El escritor argentino Eduardo Sacheri, el de La vida que pensamos, uno de los mejores libros de historias cortas sobre el principal deporte, dijo no hace mucho: "Hay quienes sostienen que el fútbol no tiene nada que ver con la vida del hombre, con sus cosas más esenciales. Desconozco cuánto sabe esa gente de la vida. Pero de algo estoy seguro: no sabe nada de fútbol".

La cadena de sentimientos encontrados y liberados que a lo largo de este año que concluye forjó la selección uruguaya en ese nervioso viaje en montaña rusa hacia Rusia deja a la memoria complacida y cargada de recuerdos que tienen que ver con la vida, con las cosas más esenciales de esta.

Deidad laica, línea de fuga, obstinado objeto de su hegemonía que pone patas arriba cualquier intento de interpretación comprensiva, el fútbol volvió a exhibir sin pudores su sagrada condición cuando más lo necesitábamos. Influyó al menos, pero al máximo, para que mejorara la percepción generalizada que los uruguayos tenemos de él, como también de las cosas que contamina con sus diversas consecuencias sociales, económicas, emocionales y deportivas.

Mientras la pelota de cuero rodaba, el tiempo se hizo velozmente otro, pero sin dejar de ser el mismo de siempre, situado en esa región inexplicable donde las circunstancias doblan la esquina y adquieren fisonomía nueva.

Hay mucho de bipolar en eso llamado "la condición uruguaya" o "uruguayez". Ese rasgo de bipolaridad colectiva es tal vez una de las principales razones por las cuales somos uno de los pueblos más interesantes del mundo. Pocos pueblos son tan volubles como el nuestro. Para muchas cosas, nuestra forma de ver y entender la realidad tiene filosofía de veleta. Cambia según el viento que sople. Un día alguien es genio, al siguiente un idiota.

Por esas cosas buenas que tiene el haberse muerto hace tiempo, José Gervasio Artigas es uno de los pocos inmunes al péndulo de las emociones volubles de los uruguayos, por lo que todavía –toquemos madera– continúa siendo el prócer, el gran héroe nacional, hoy sí y mañana también.

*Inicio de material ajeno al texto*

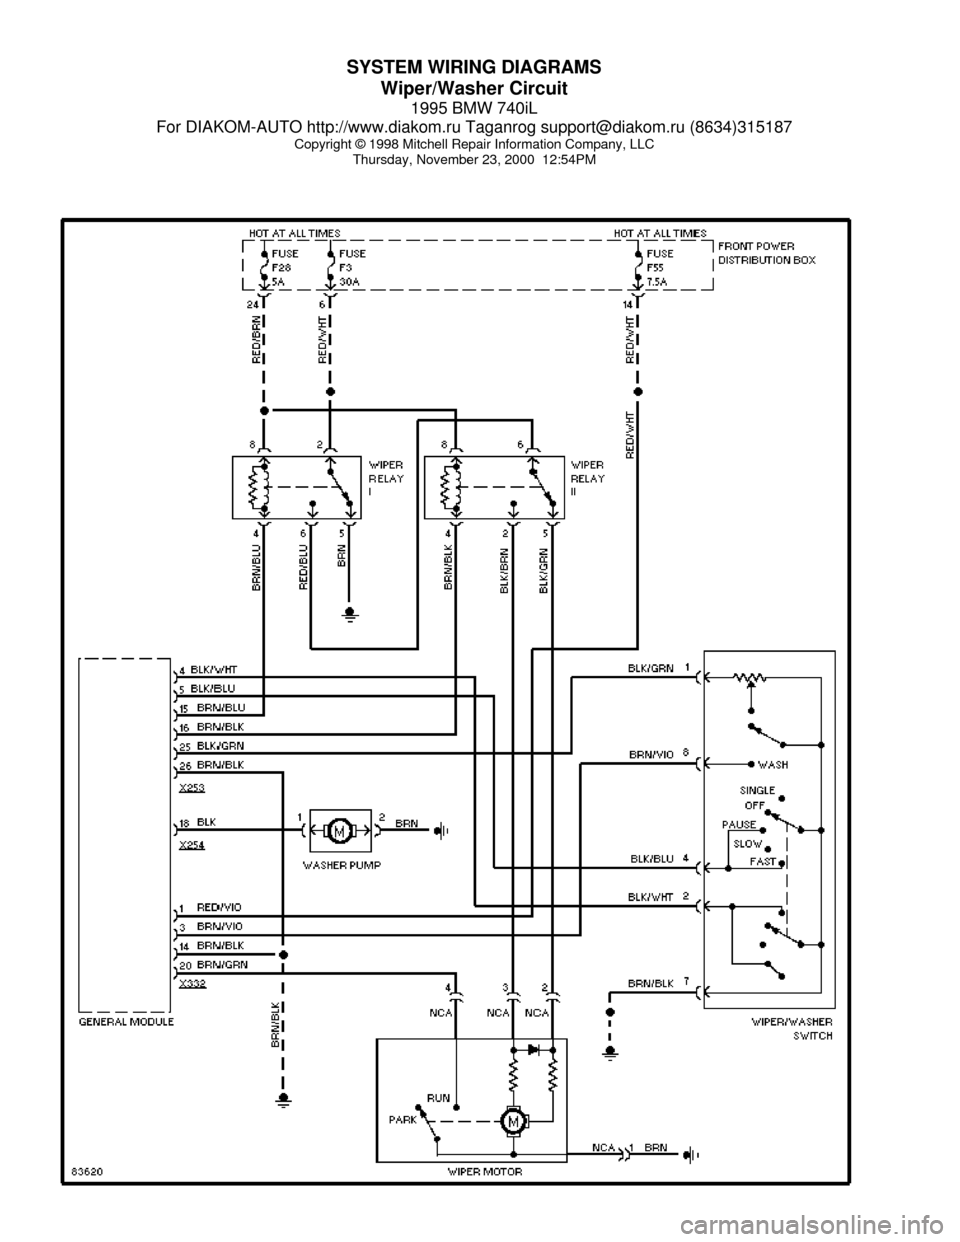 BMW 740il 1995 E38 System Wiring Diagrams SYSTEM WIRING DIAGRAMS
Wiper/Washer Circuit
1995 BMW 740iL
For DIAKOM-AUTO http://www.diakom.ru Taganrog support@diakom.ru (8634)315187
Copyright © 1998 Mitchell Repair Information Company, LLC
Thurs

De ahí para abajo, nadie queda a salvo de la bipolar trituradora uruguaya.
Con su tercer mundial consecutivo, cuarto en total al frente del combinado nacional, Oscar Washington Tabárez resalta en el álbum histórico como una especie de prócer del deporte, salvado por sus logros de la ignominia y de los neuróticos cambios de opinión pública.

Si consideramos todos los grandes momentos de entretenimiento mayor relacionados "con la vida del hombre" que le debemos a Tabárez y a los jugadores por él convocados, podemos concluir que ni siquiera en Hollywood hay talentos así, capaces de generar drama, interés sostenido y un final feliz tan convincente como el que produjo en 2017 la selección uruguaya de fútbol.